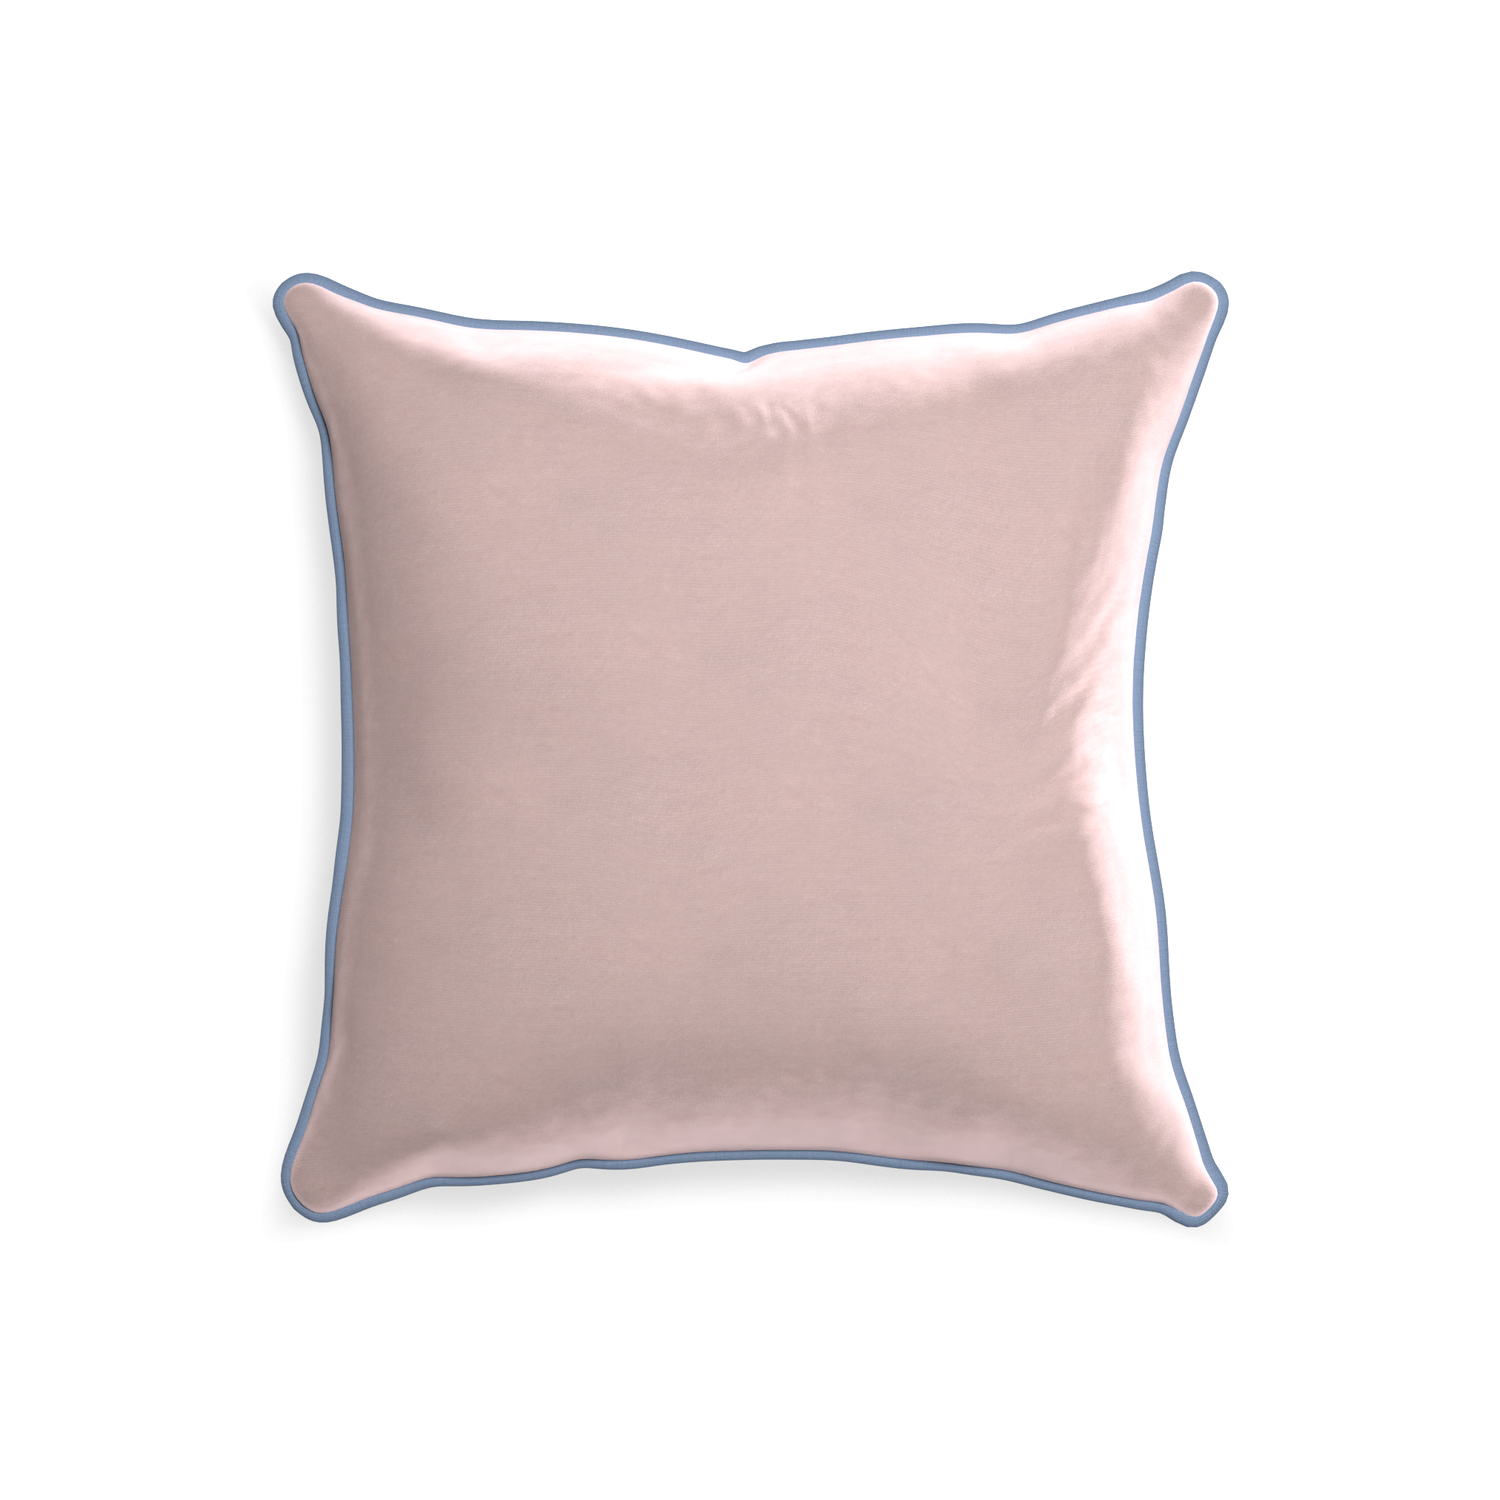 Contemporary Dirty Pink Handmade Velvet Throw Pillow & Down Insert
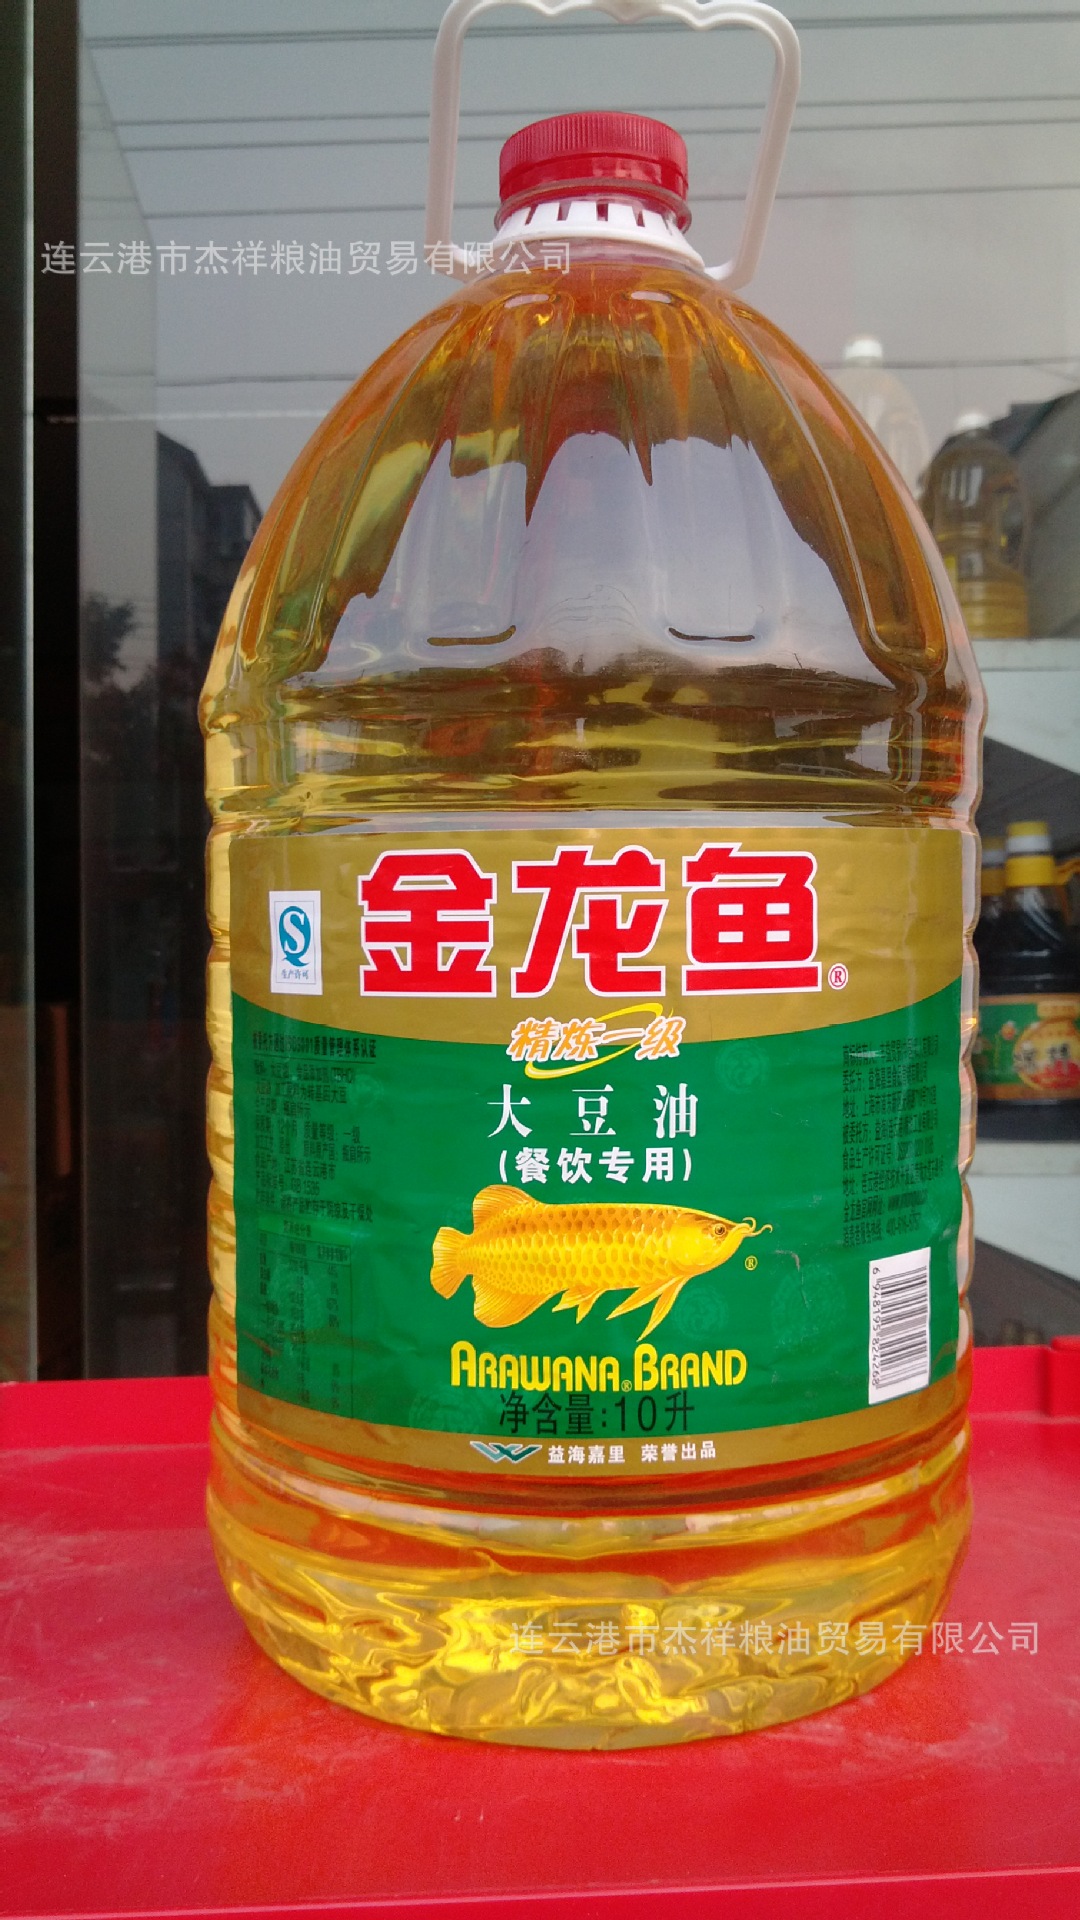 10l 金龙鱼 餐饮 大豆油 (jlyzbz0005)
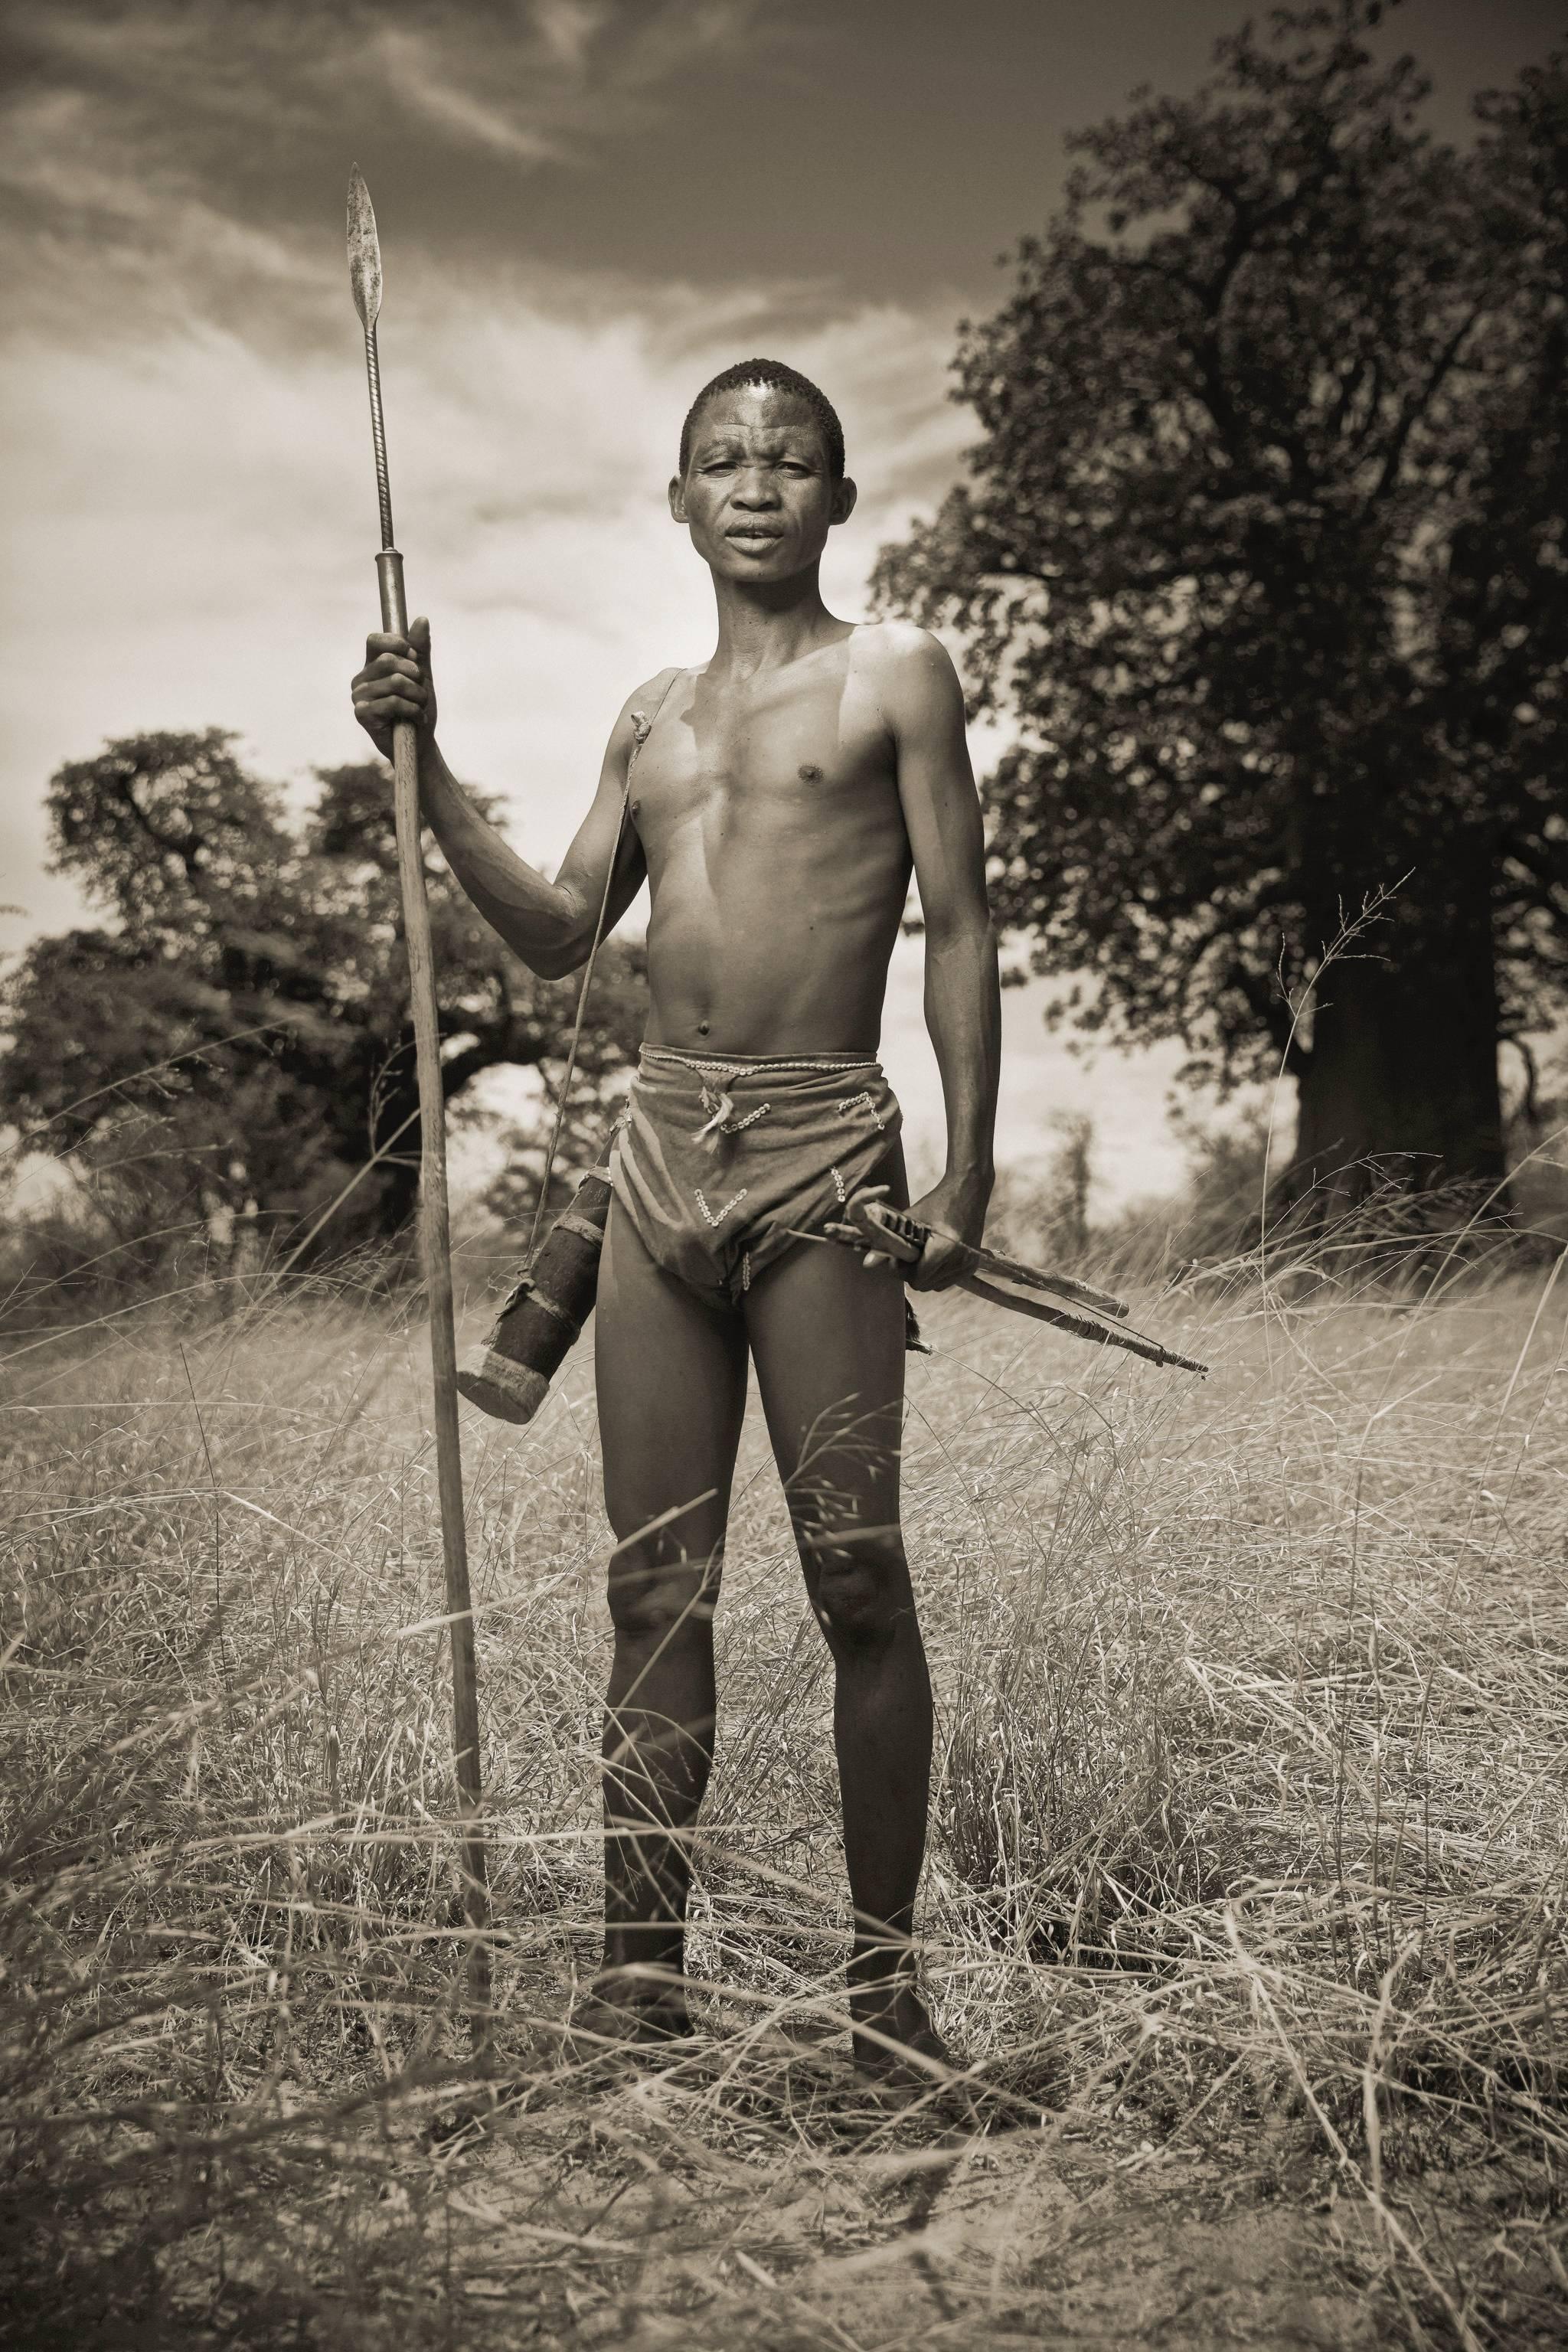 San Bushman 4 - Photograph by Chris Gordaneer

§ §

● **Task to complete**: Leave out the pictures and reproduce the rest of the listing exactly.

● **Worked solution**:
 Contemporary Dirty Pink Handmade Velvet Throw Pillow & Down Insert
 10l 金龙鱼 餐饮 大豆油 (jlyzbz0005)
 San Bushman 4 - Photograph by Chris Gordaneer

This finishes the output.